The gleam in Wave Thunder’s eyes turned into a snort of amusement. Golden- berry tea, brewed from the leaves of the golden- berry tree, which grew to a height of about ten feet and thrived in almost any climate, was the standard Safeholdian treatment for motion sickness.
“You may find the thought amusing,” Staynair said severely, “but I rather doubt I’m going to feel the same way when we’re looking at waves as high as a cathedral spire!”
“Probably not,” Wave Thunder acknowledged with a grin. He leaned back in his own chair and sipped more brandy for several moments, then looked back across at Staynair.
“And Nahrmahn?” he asked. “Have you pressed Father Zhon about
that recently?”
“Not really,” Staynair confessed. “I’m still in two minds, myself, if the truth be told. I understand how valuable Nahrmahn could be, but I don’t really have a good enough feel for him yet—as a man, and not just a prince—to feel comfortable predicting how he’d react to the complete truth.”
“He’s handled the ‘Merlin has visions’ version of the truth well enough,” Wave Thunder pointed out.
“So has Rayjhis,” Staynair countered. “Oh, don’t get me wrong, Bynz -hamyn. If there’s anyone who’s . . . mentally flexible enough, let’s say, to accept the truth, it’s got to be Nahrmahn. And I’m very much inclined to believe Merlin—and Cayleb, for that matter—are correct about where he’s placed his fundamental loyalties now. Maybe the problem’s just that Emerald was the enemy for so long. I mean, it’s possible I’m carrying around some kind of automatic prejudice towards all things Emeraldian, including the Prince of Emerald, myself. I don’t think I am, but that doesn’t mean I’m not. I’m just . . . uncomfortable in my own mind about how . . . stable his loyalties are. That’s not the right word.” The archbishop waved one hand, his expression that of a man unaccustomed to being unable to express himself with precision. “I guess what it comes down to is that I haven’t really been able to spend enough time with him to feel I truly know him.”

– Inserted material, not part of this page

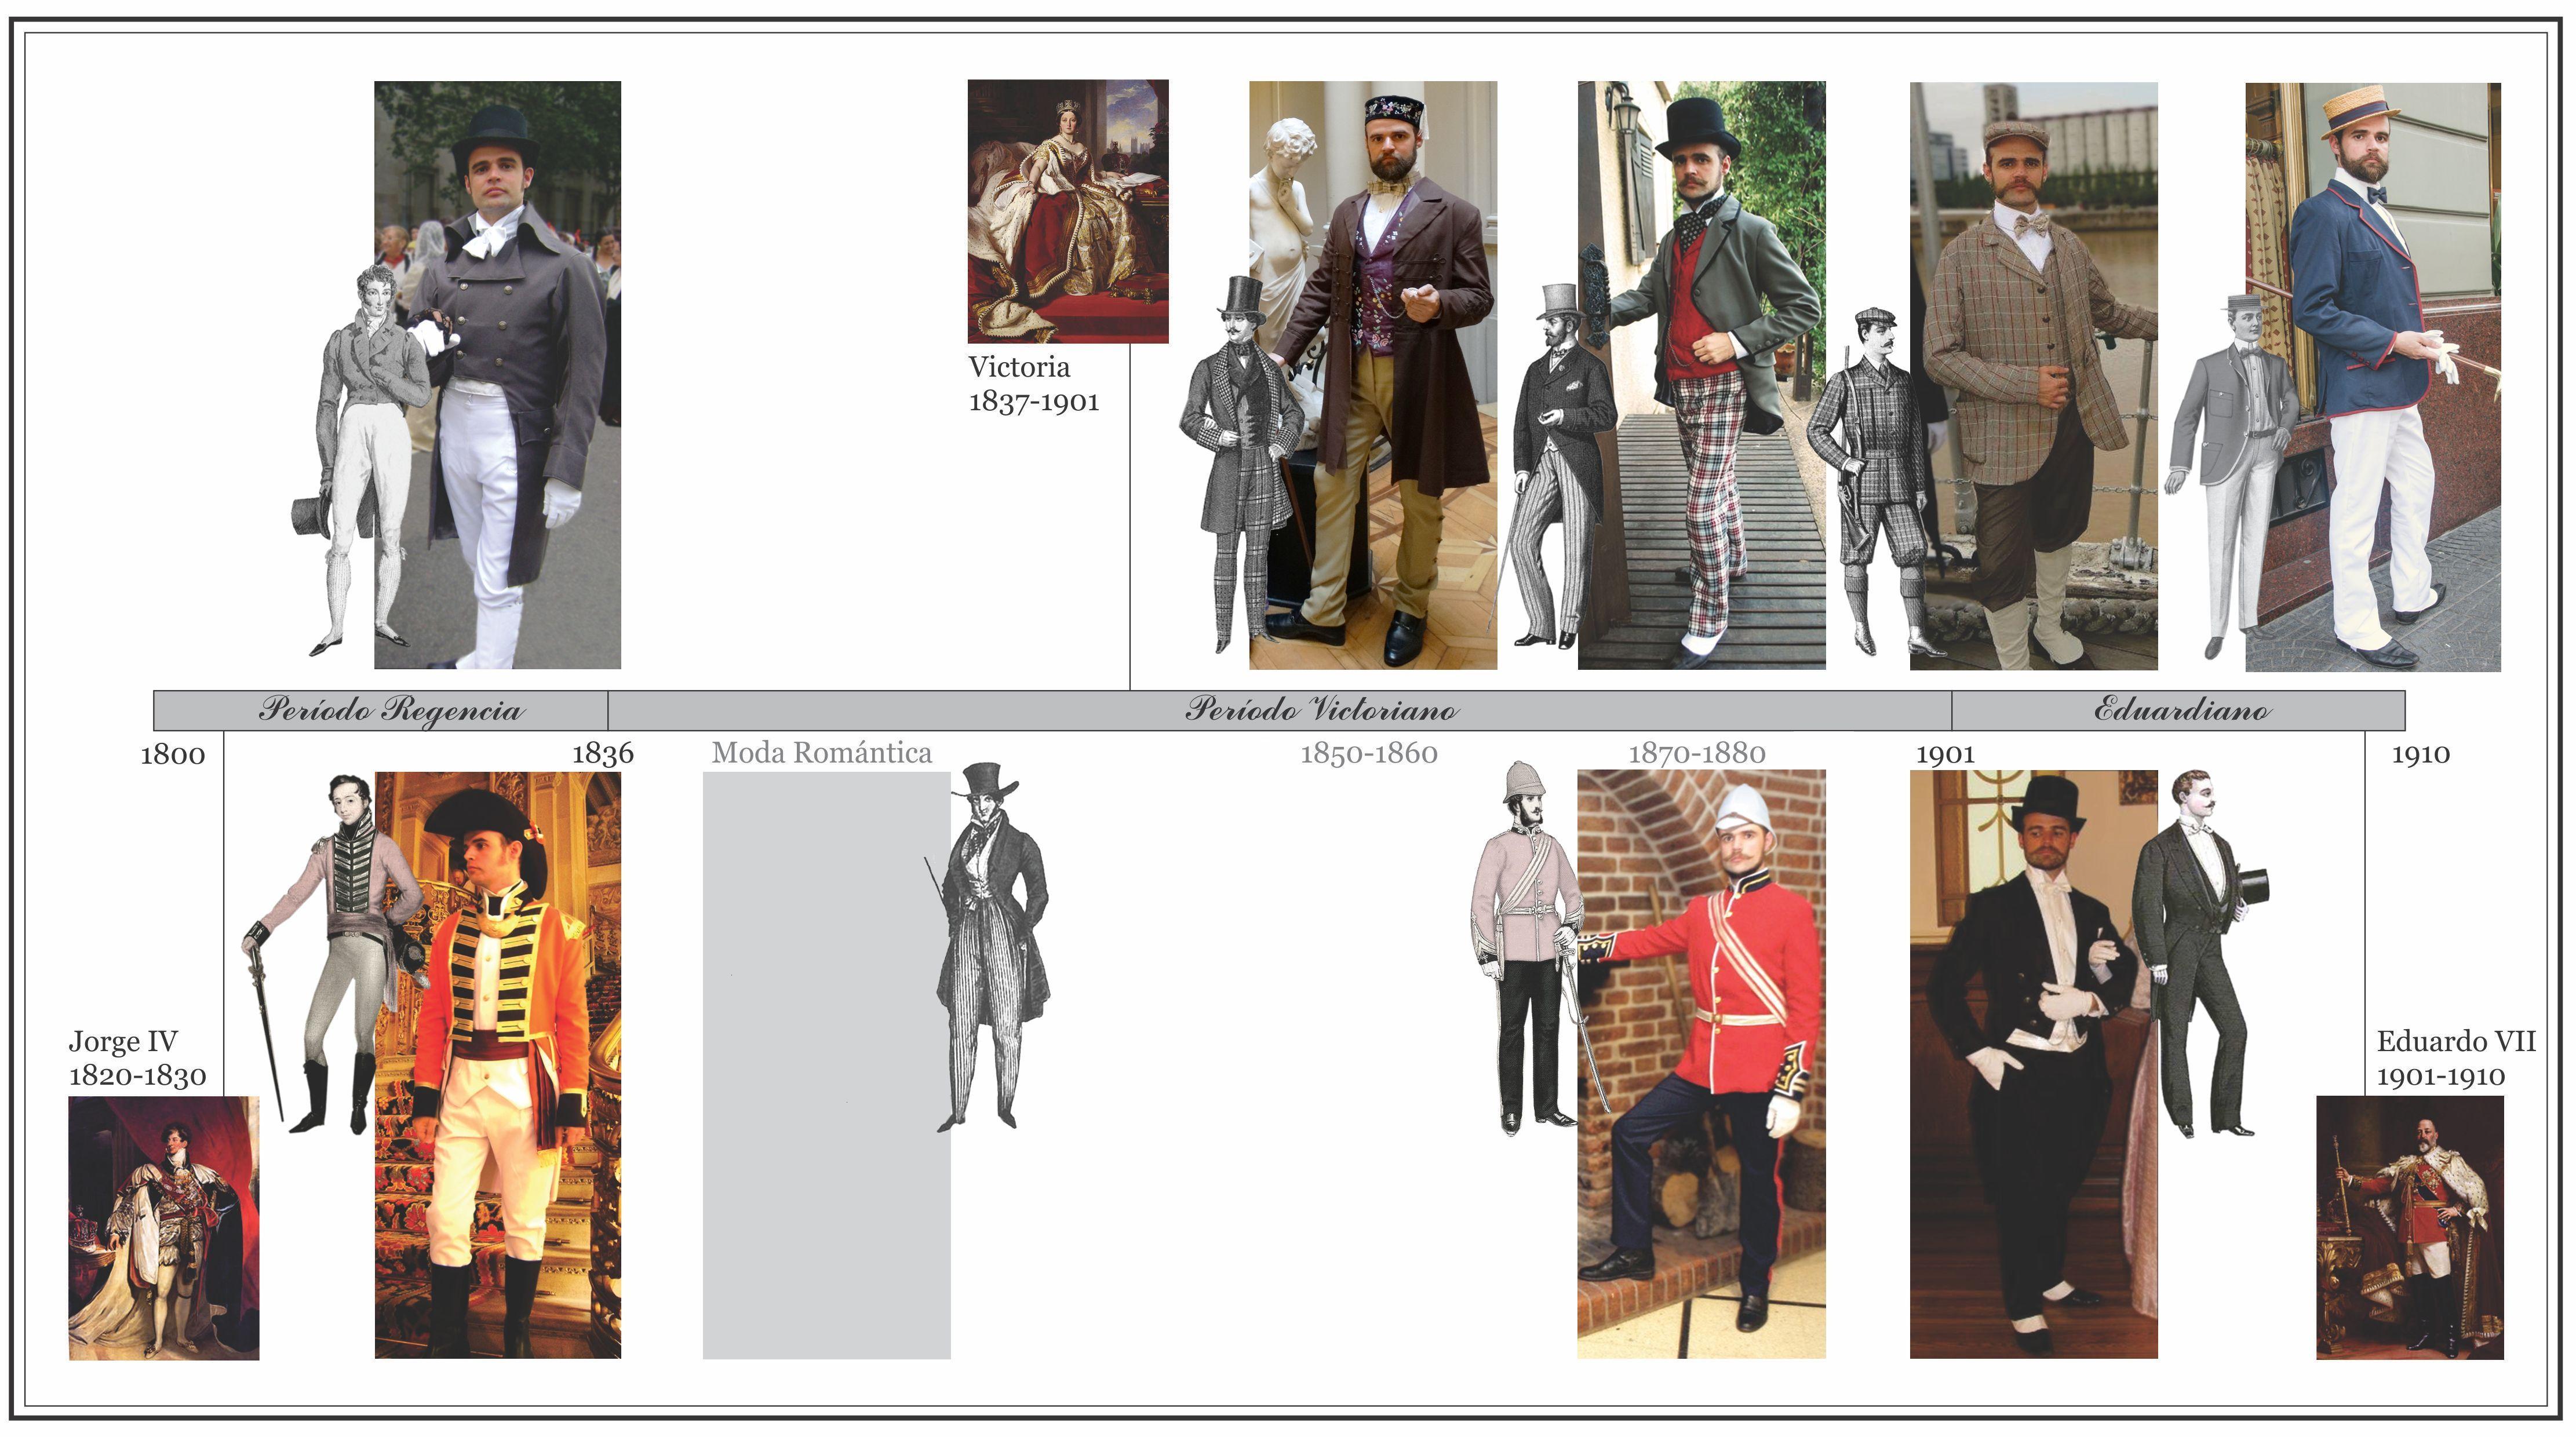 Historia de la moda masculina

“Well, that’s fair enough,” Wave Thunder conceded. Prince Nahrmahn had spent no more than a month and a half in Tellesberg before departing for the Corisande campaign with Emperor Cayleb. He’d returned to Old Charis two months ago, but he’d stayed in Tellesberg for less than two five- days before departing for Emerald. No reasonable person could have complained about his priorities, given the fact that he’d seen neither his wife nor his children in the better part of a year, but it did mean that Staynair—and Wave Thunder, for that matter—had enjoyed precious little opportunity to truly get to know him.